# Clustering sets by set difference

Suppose you have $$n$$ nonequal sets $$S_1, \ldots, S_n$$ and some constant $$0 \le k < n$$. The goal of set clustering is to find a partition of the set $$\mathbf{S} = \{S_1, \ldots, S_n\}$$ such that the sum of the total distance for each subset of $$\mathbf{S}$$ is minimized and such that $$\mathrm{cardinality}(\mathbf{S}) = k$$ (in reality, this latter constraint is not quite so tight, but the size of $$\mathbf{S}$$ must be less than $$k$$, and hopefully near it). The total distance $$d$$ of a set $$X \in \mathbf{S}$$ is $$d(X) = \sum_{A, B \in X} \mathrm{cardinality}(A \ominus B)$$ where $$\ominus$$ is symmetric difference. Assume for the purposes of the problem that the sets consume $$O(1)$$ space (so symmetric difference can be computed in constant time).
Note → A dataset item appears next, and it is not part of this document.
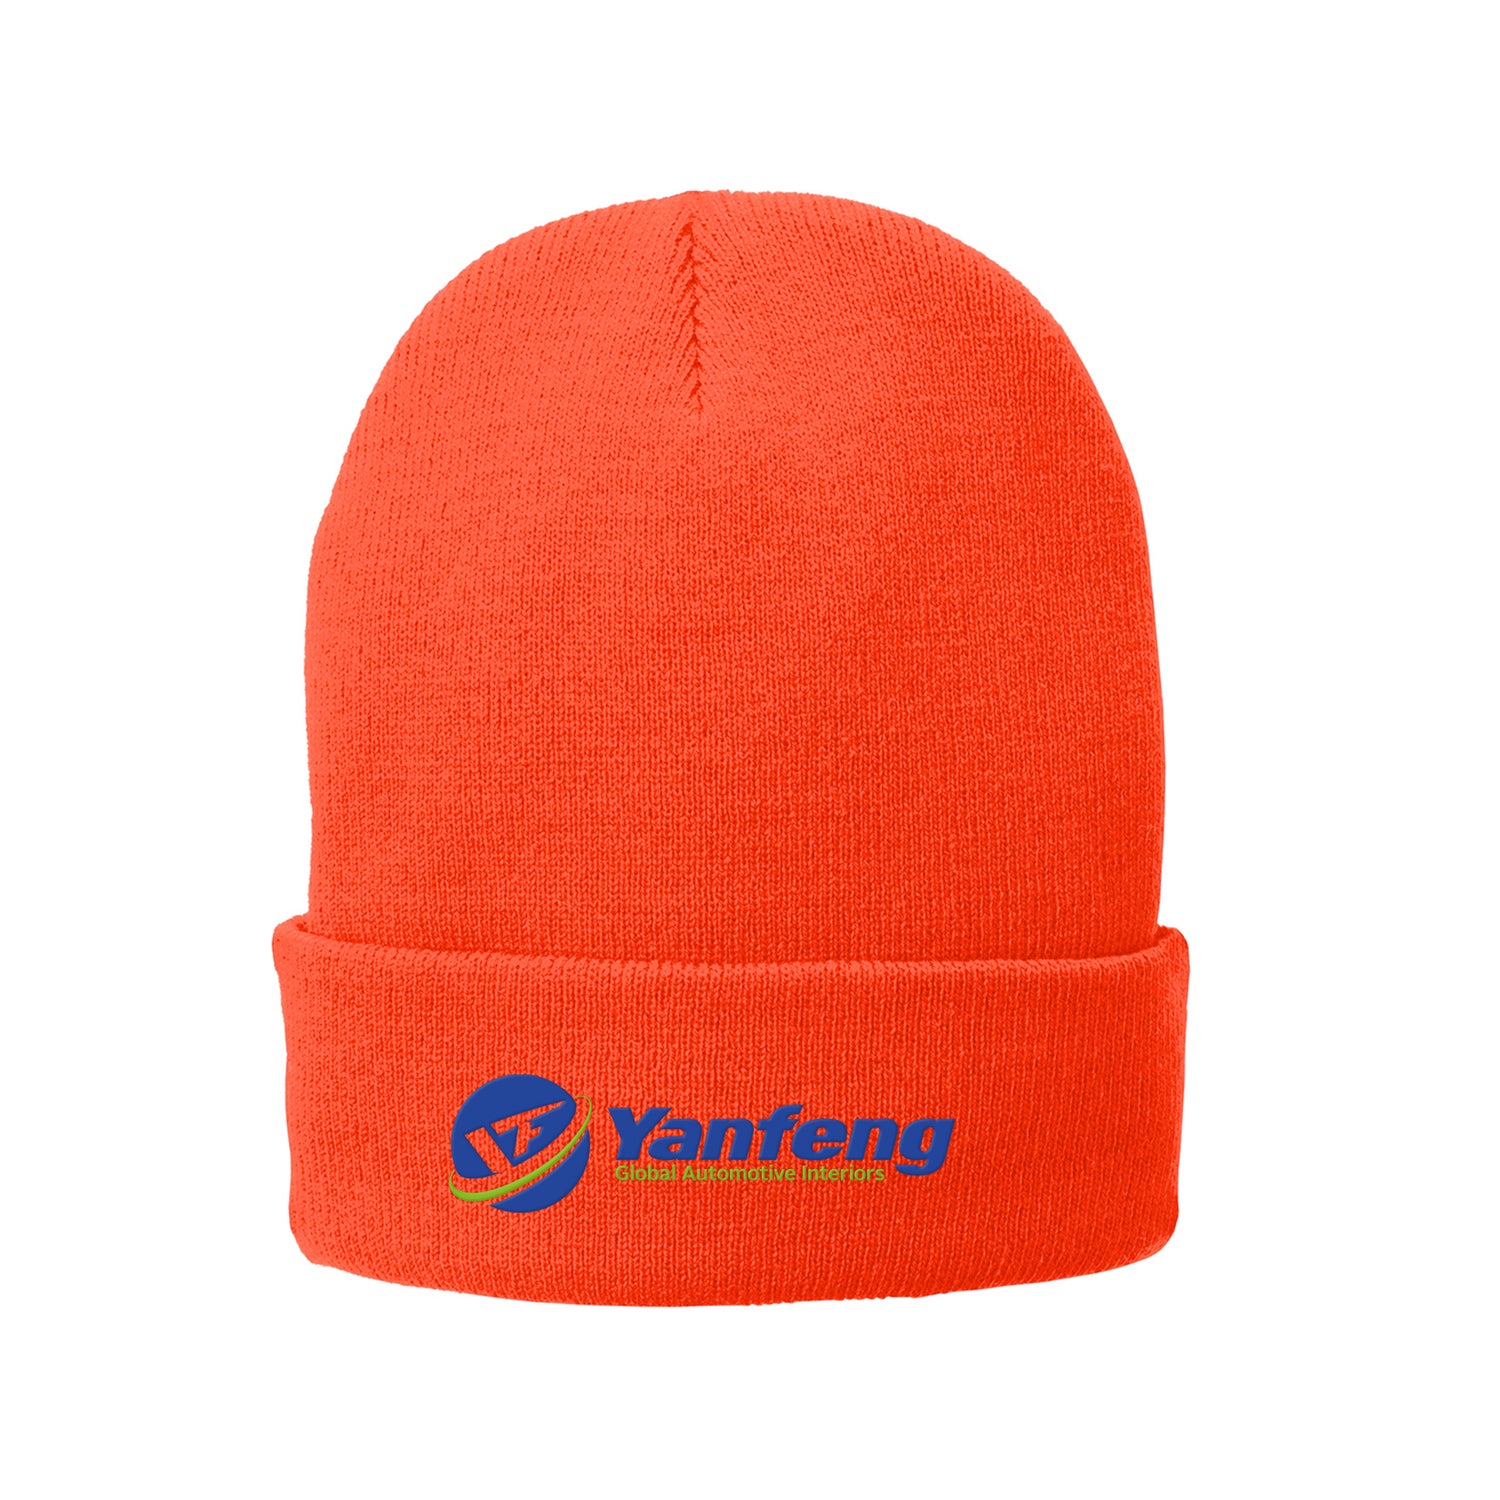 Yanfeng | Fleece-Lined Knit Cap

Is there a good greedy linear(ithmic) heuristic for this problem? Is there any literature on this problem, or similar ones?

All I’ve come up with so far is an $$O(n^2 \log n)$$ heuristic that looks like:

1. Set $$I = \{1, \ldots, n\}$$
2. Choose some $$i \in I$$
3. Emit a cluster $$C \subset I$$ containing all $$m \in I$$ such that $$\mathrm{cardinality}(S_i \ominus S_m) \le d_\mathrm{max}$$.
4. Set $$I = I – C$$
5. Go to step 2.

where this process occurs in each step of a binary search that finds the best value of $$d_\mathrm{max}$$ for a given $$k$$.

I was thinking that if there were some way to sort the list of sets such that nearby sets in the list have small symmetric difference, then a linearithmic solution might be easy to write.